Implementation of the OSSE High Impact Tutoring Initiative - School Year 2023 – 2024 Second Year Report

Authors
Amanda Lu,
Nancy Waymack,
Demetra Kalogrides,
Carly D. Robinson,
Monica G. Lee,
Susanna Loeb
Date
Publication
National Student Support Accelerator

The second full school year (2023-24) of the OSSE High Impact Tutoring Initiative expanded the reach of an already ambitious program. The Initiative served 7,274 students, approximately 8% of students in DC schools and 12% of students classified at-risk. The Initiative was able to increase participation by 2,000 students from its first year of implementation while also increasing the successful targeting of at-risk students who stand to benefit most from the program. The Initiative also increased the average dosage level to 33.86 sessions. Collectively, this is a significant improvement in program scale and program delivery, ensuring that increases in tutoring continue to serve students who are most in need of potential benefits.

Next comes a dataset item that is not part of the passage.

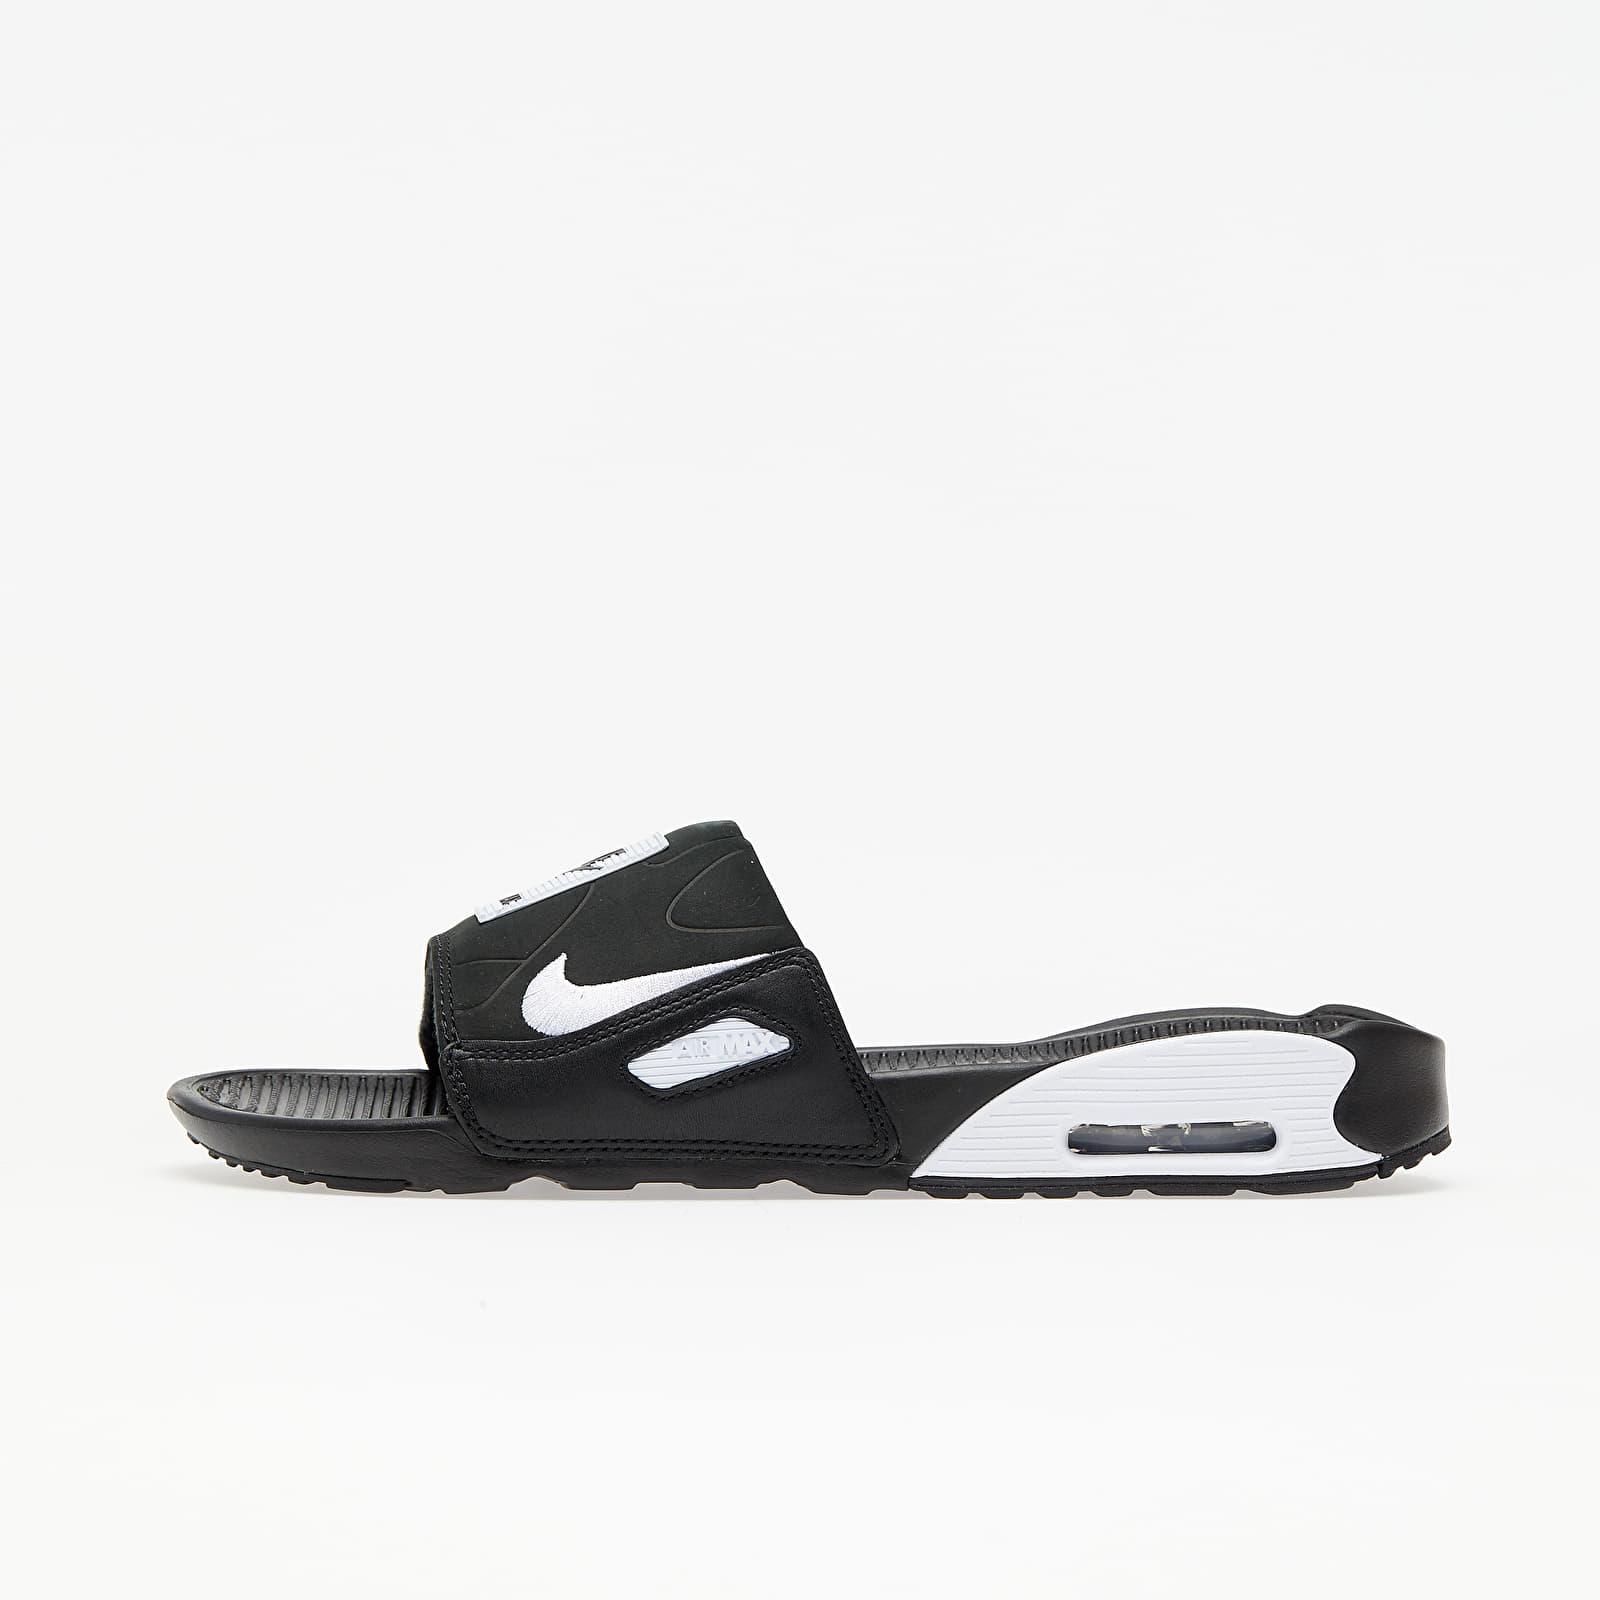 Nike Air Max 90 Slide Black/ White BQ4635-002

In Year 1, we found that tutoring had a strong positive effect on student attendance, even compared with interventions that are specifically designed for chronic absenteeism (detailed findings here). We continue to find evidence of a positive impact of OSSE-funded HIT on school attendance. After accounting for confounding factors related to the day of scheduled sessions and school absences, we find tutored students were more likely to attend school on days when sessions were scheduled, an effect that was particularly pronounced for younger grades and for students who are currently attending school 70-90% of the time. Overall, having a tutoring session scheduled decreased a student’s probability of being absent by 0.5 percentage points, and having a tutoring session scheduled during the school day decreased a student’s probability of being absent by 0.8 percentage points. If tutoring is offered at the suggested dosage of three times a week, tutored students would attend an average of 0.5 days more over the course of the school year, with an average of 0.8 days more if tutoring is delivered during the school day. If tutoring was offered every day of a child’s year in school, we would expect them to increase their attendance in school by 0.8 days on average, with an average of 1.3 days if tutoring was scheduled during the school day. This is more evidence that, while alone high-impact tutoring is not a silver bullet for attendance issues, it can be part of the solution.

Importantly, the Initiative has continued to be successful in serving students with lower academic performance and students from historically marginalized groups, who represent the majority of OSSE-funded HIT students. Students with lower state standardized test scores (as measured by Partnership for Assessment of Readiness for College and Careers or PARCC) in the 2022-23 school year, as well as Black or African American students and Hispanic or Latino students were more likely to receive tutoring in the Initiative’s second year.

Finally, the Initiative has provided access to tutoring in areas of DC with fewer financial resources. As Figure below shows, existing private tutoring is concentrated in wealthier areas of the city while OSSE-funded tutoring is largely on the east side of the city in wards 5, 7, and 8, areas of the city that tend to have fewer financial resources.